Public double getDistanceFrom (Component other ){
Point otherLocation = other. getLocation ();
Int deltaX = otherLocation. getX ()-location. getX ();
Int deltaY = otherLocation. getY ()-location. getY ();
Return Math. sqrt (deltaX * deltaX deltaY * deltaY );
}
}
The getLocation () method does not know how the caller should handle the Point it returns; it may get a reference pointing to the Point, such as placing it in the collection, so getLocation () adopts a protective encoding method. However, in this example, getDistanceFrom () does not do this. It only uses Point for a short period of time and then releases it. This seems like a waste of perfect objects.

The clever JVM will see the work to be done and optimize the allocation of protective copies. First, the call to getLocation () will become inline, and the call to getX () and getY () will also be processed, resulting in getDistanceFrom () will be as effective as listing 3.


Listing 3. pseudocode describes the result of applying inline optimization to getDistanceFrom ().

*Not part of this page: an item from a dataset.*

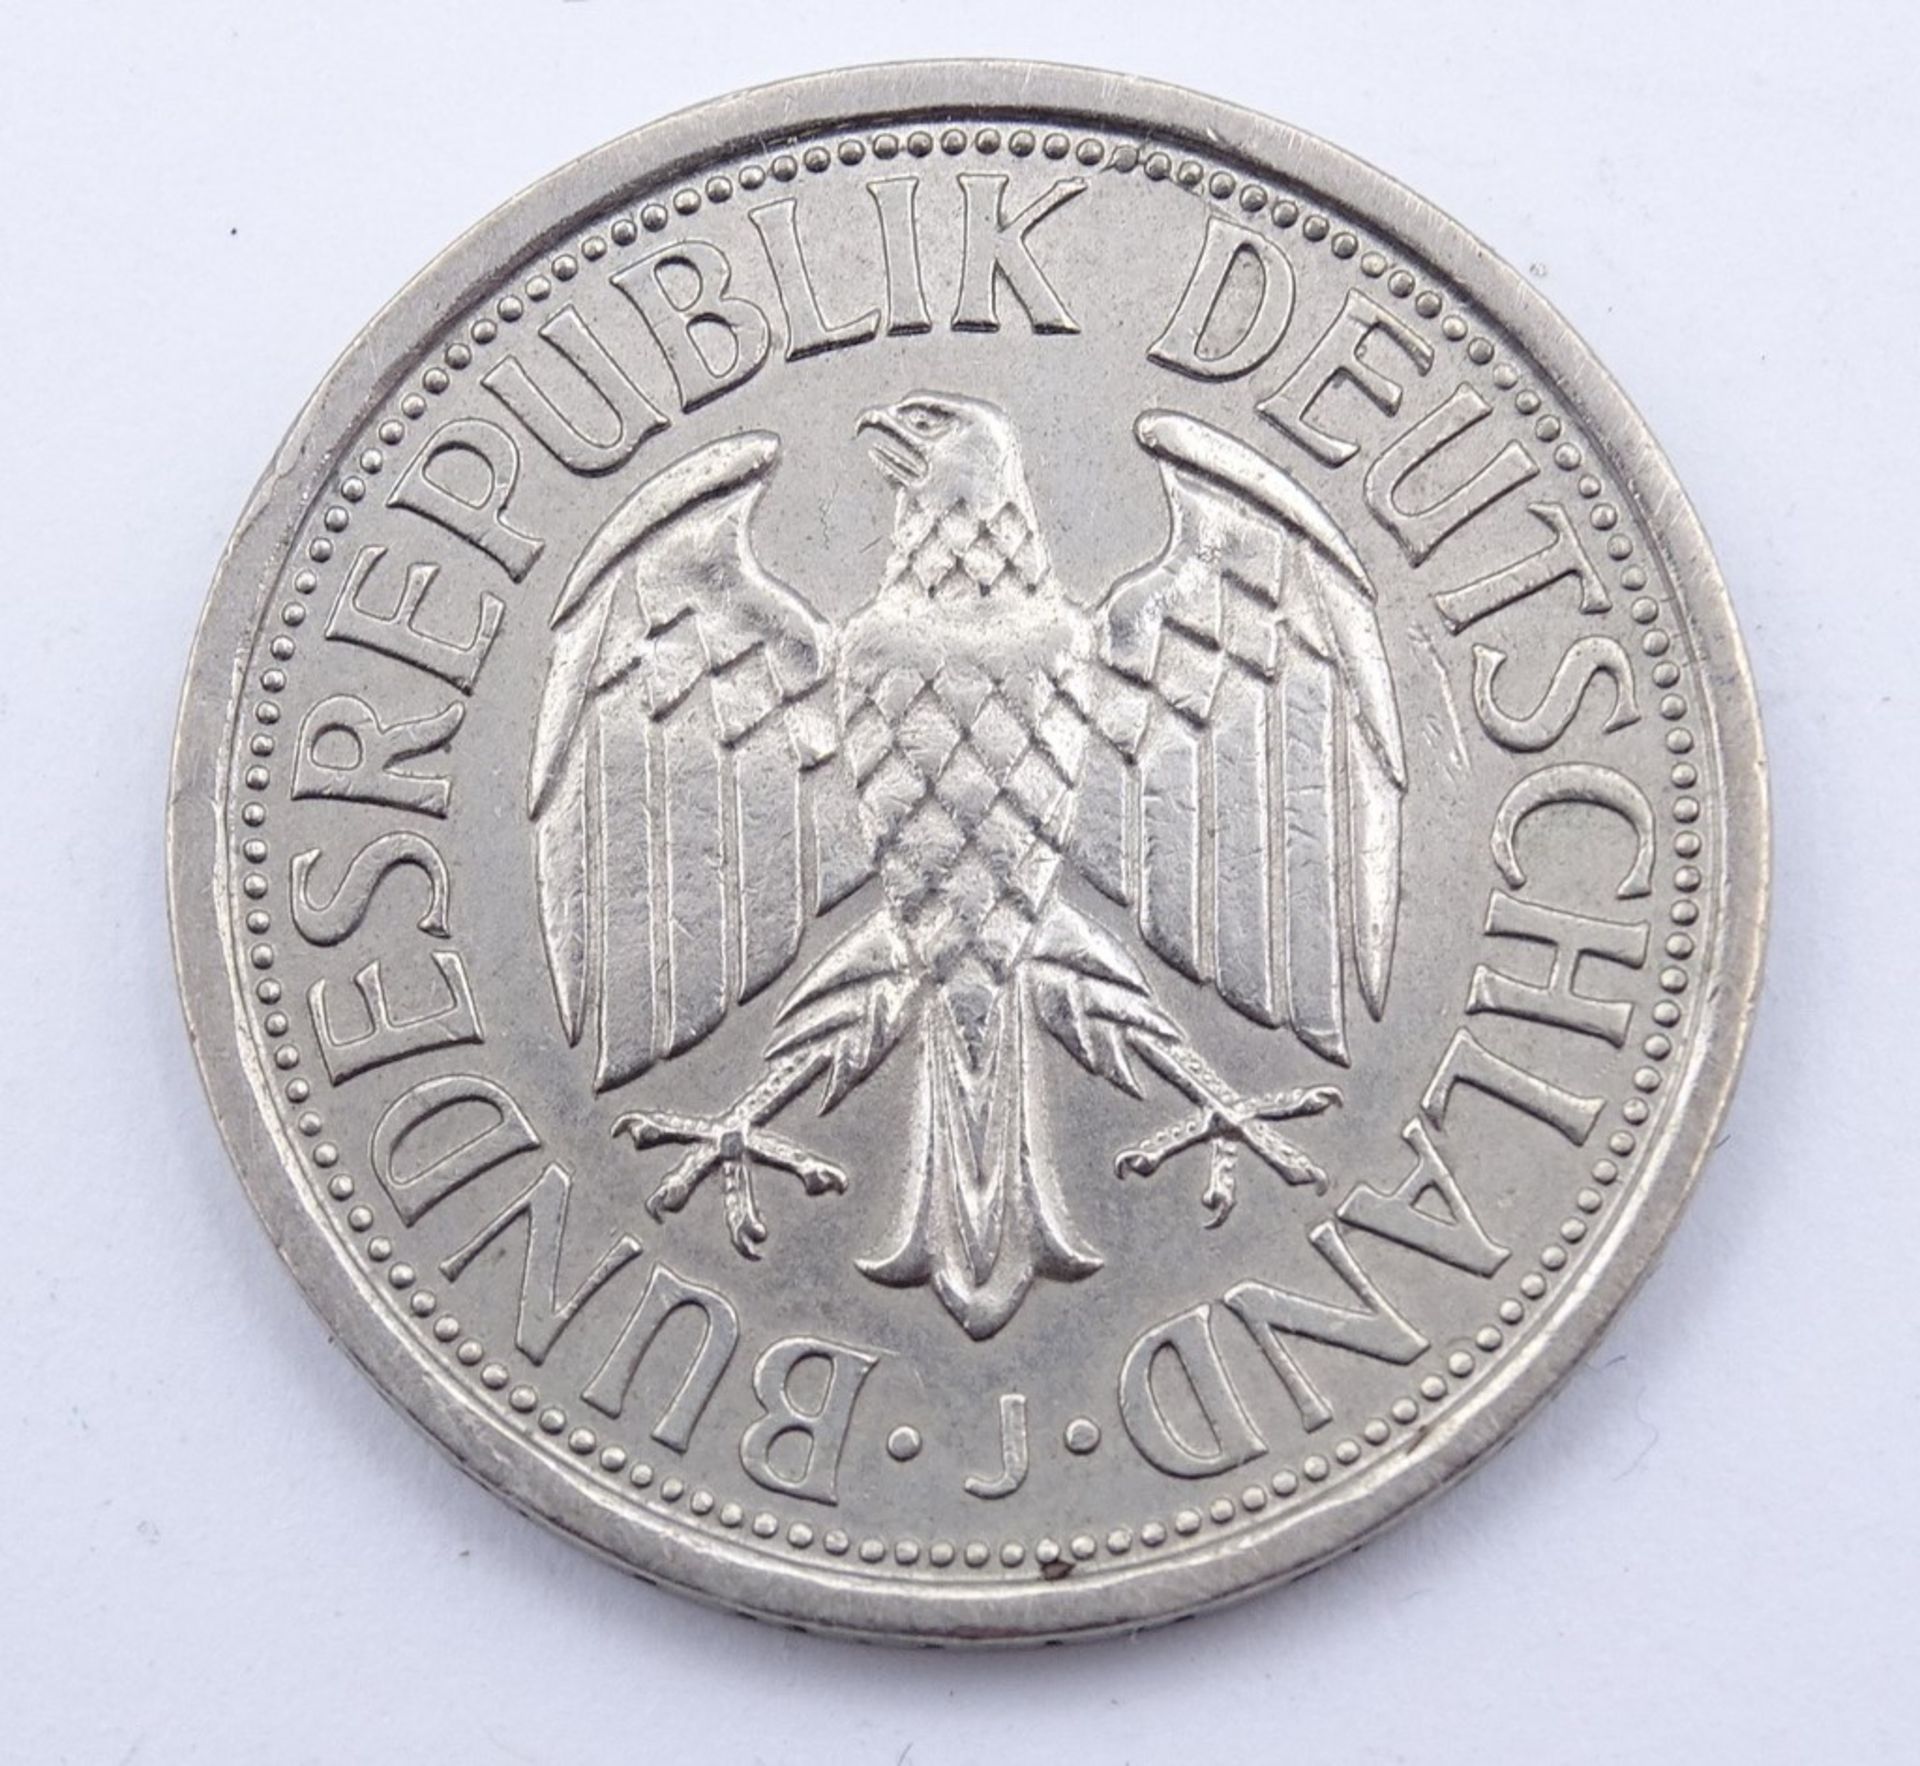 2 Deutsche Mark 1951 J - Image 2 of 2
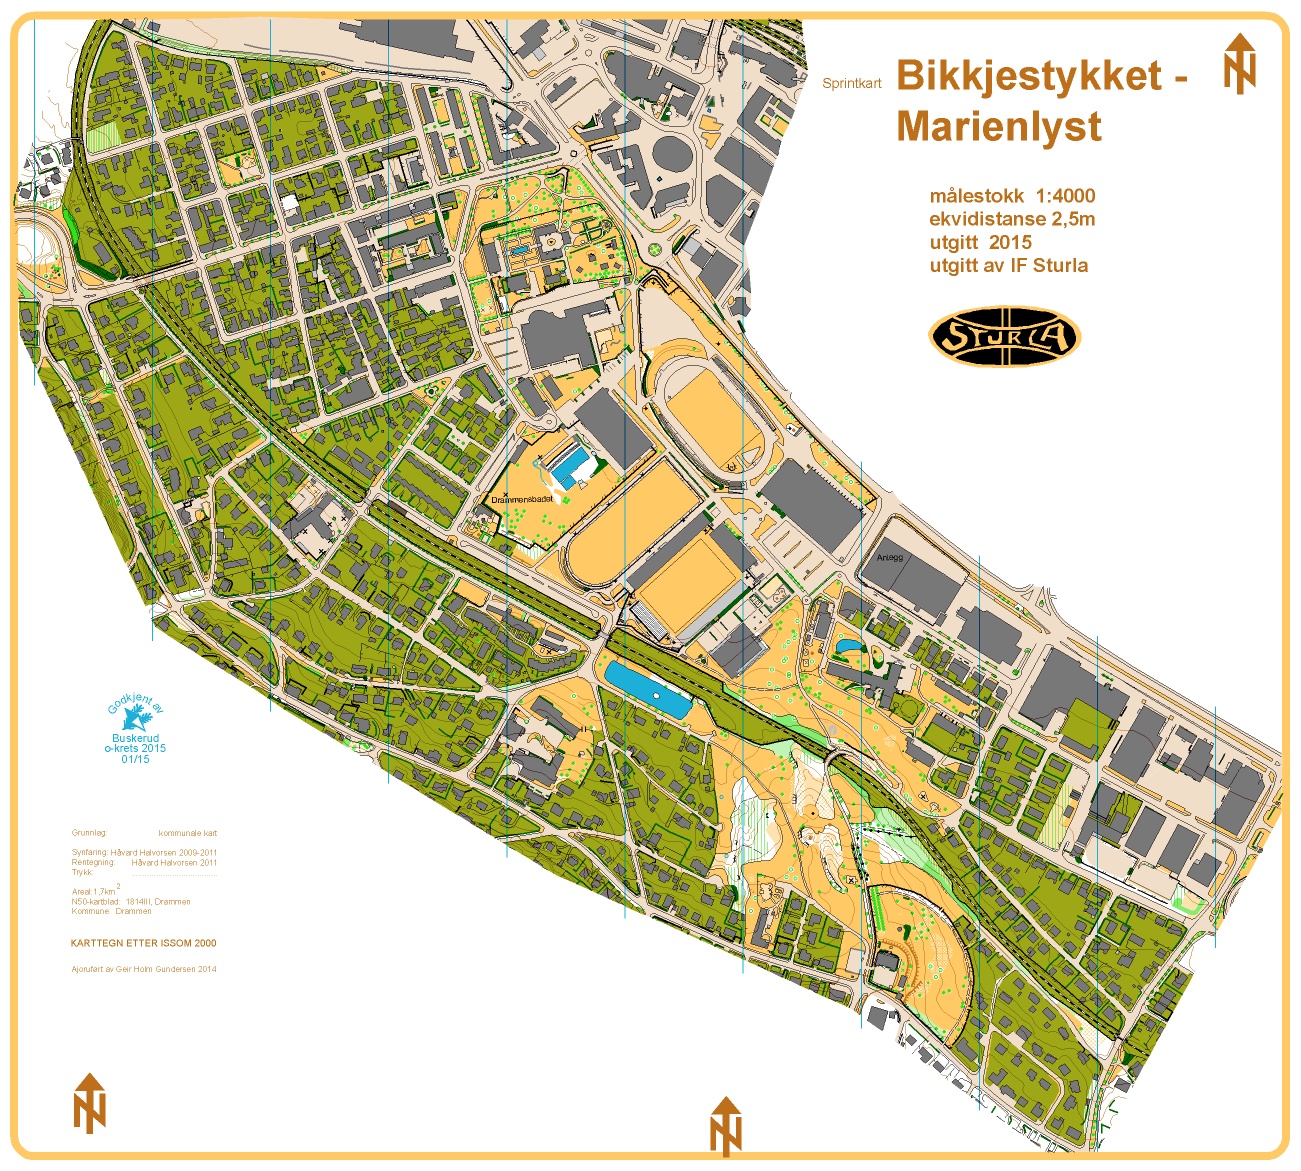 Bikkjestykket-Marienlyst (01/05/2015)

Public double getDistanceFrom (Component other ){
Point otherLocation = new Point (other. x, other. y );
Int deltaX = otherLocation. x-location. x;
Int deltaY = otherLocation. y-location. y;
Return Math. sqrt (deltaX * deltaX deltaY * deltaY );
}

At this point, the escape analysis can show that the objects allocated in the first row will never break away from its basic blocks, and the getDistanceFrom () will never change the status of the other component. (Escape indicates that the object reference is not saved to the heap, or is passed to an unknown generation that may retain a copy.

Contact Us

The content source of this page is from Internet, which doesn't represent Alibaba Cloud's opinion; products and services mentioned on that page don't have any relationship with Alibaba Cloud. If the content of the page makes you feel confusing, please write us an email, we will handle the problem within 5 days after receiving your email.

If you find any instances of plagiarism from the community, please send an email to: info-contact@alibabacloud.com and provide relevant evidence. A staff member will contact you within 5 working days.

A Free Trial That Lets You Build Big!

Start building with 50+ products and up to 12 months usage for Elastic Compute Service

  • Sales Support

    1 on 1 presale consultation

  • After-Sales Support

    24/7 Technical Support 6 Free Tickets per Quarter Faster Response

  • Alibaba Cloud offers highly flexible support services tailored to meet your exact needs.